Task requirements: From the line below that contains "An infographic showing" to the line that contains "Buy Macrowoman W-Series", repeat every line exactly, both ends included, and nothing else.

Source information:
*** Block opens ***
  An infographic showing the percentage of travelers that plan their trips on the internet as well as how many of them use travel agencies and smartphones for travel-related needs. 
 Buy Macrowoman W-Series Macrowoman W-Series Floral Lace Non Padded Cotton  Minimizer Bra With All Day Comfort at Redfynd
*** Block closes ***
*** Block opens ***
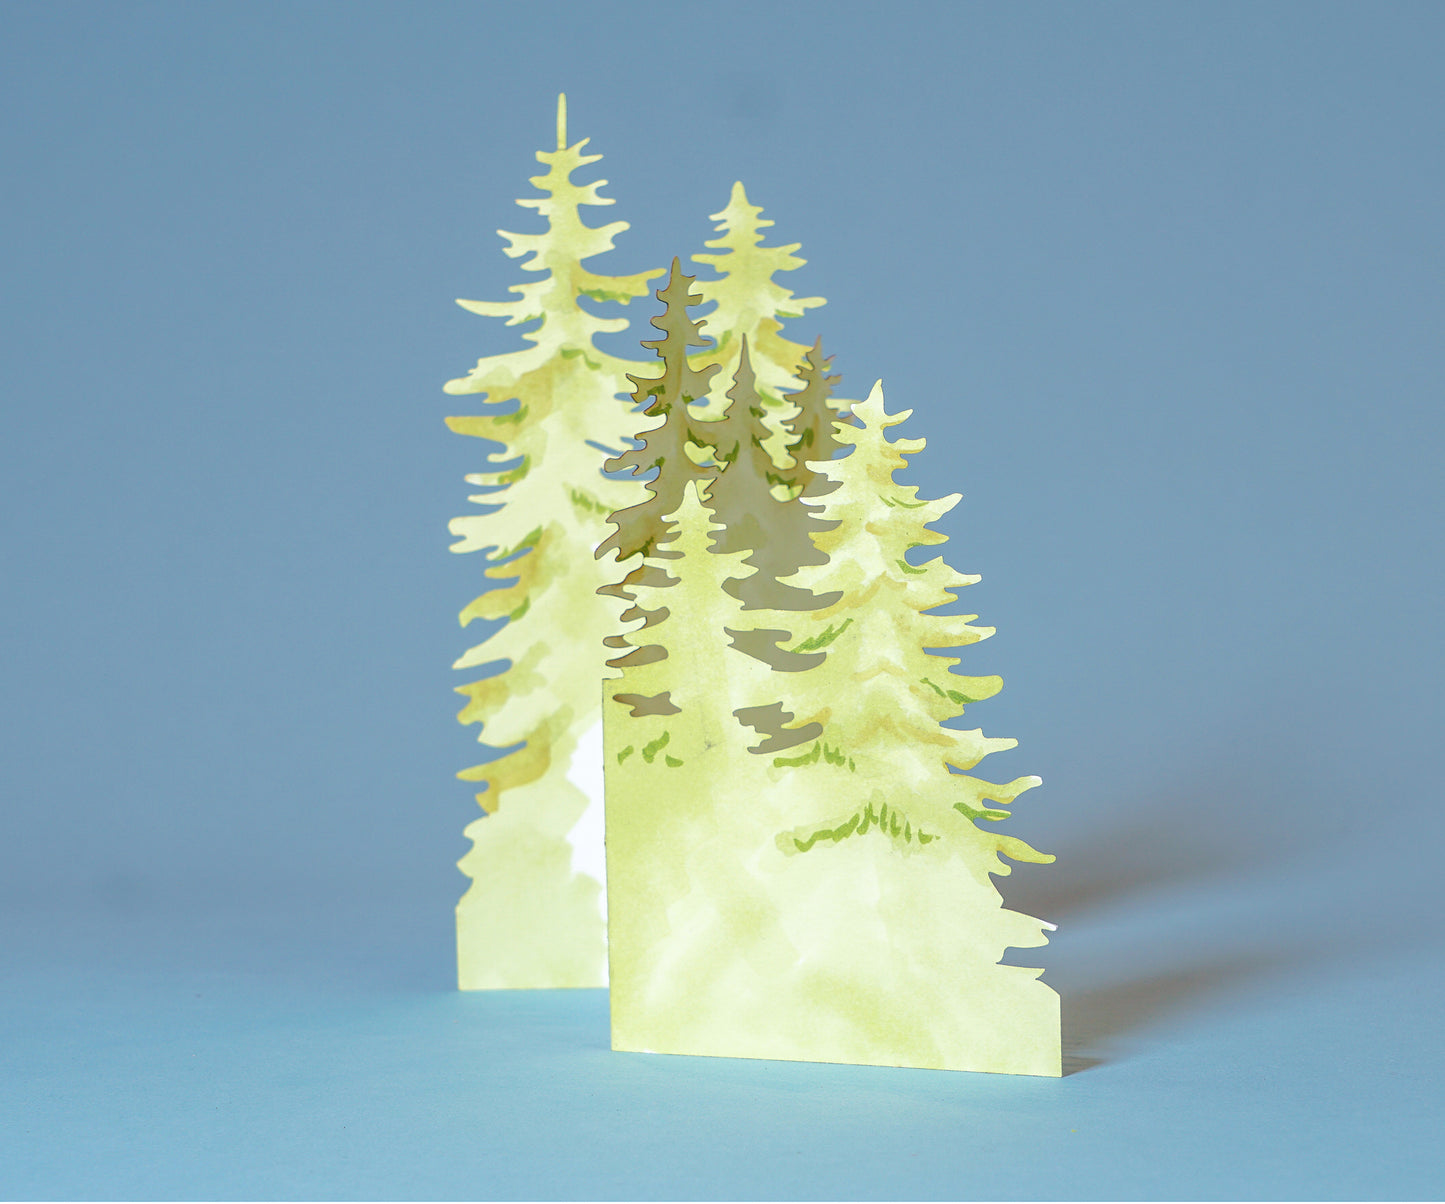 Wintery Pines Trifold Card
*** Block closes ***
*** Block opens ***
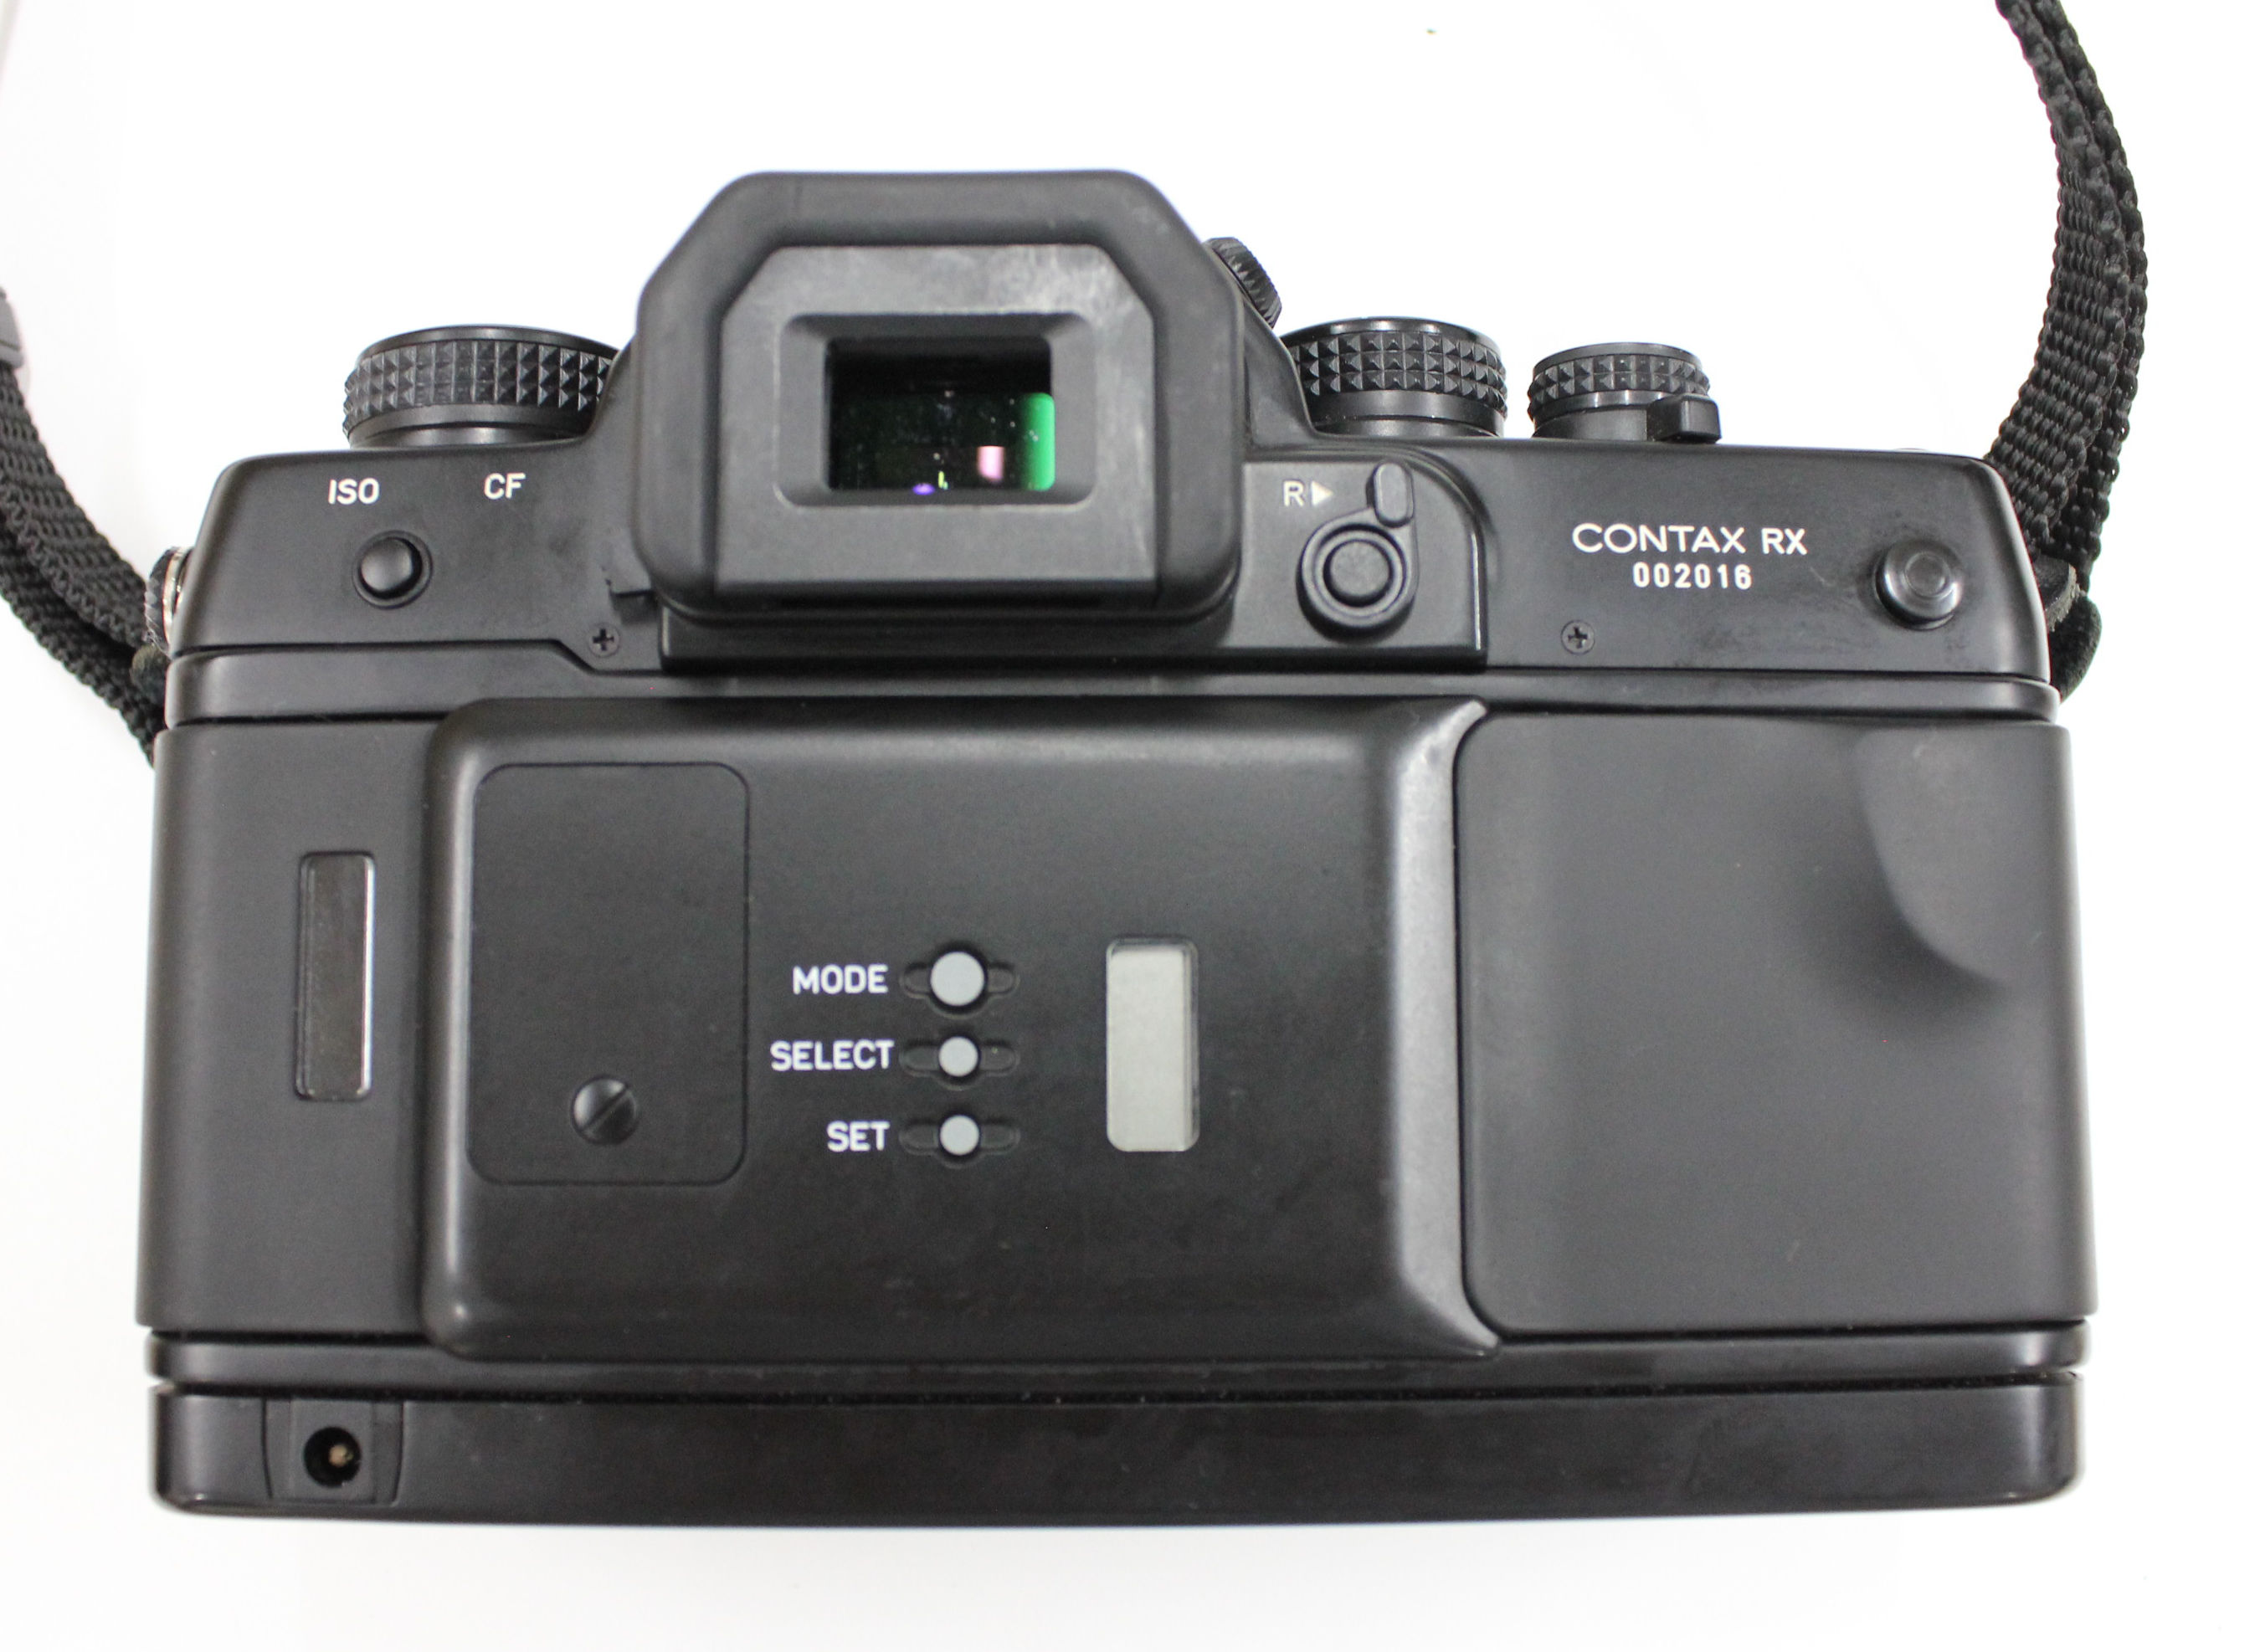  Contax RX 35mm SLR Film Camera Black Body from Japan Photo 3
*** Block closes ***
Answer section:
  An infographic showing the percentage of travelers that plan their trips on the internet as well as how many of them use travel agencies and smartphones for travel-related needs. 
 Buy Macrowoman W-Series Macrowoman W-Series Floral Lace Non Padded Cotton  Minimizer Bra With All Day Comfort at Redfynd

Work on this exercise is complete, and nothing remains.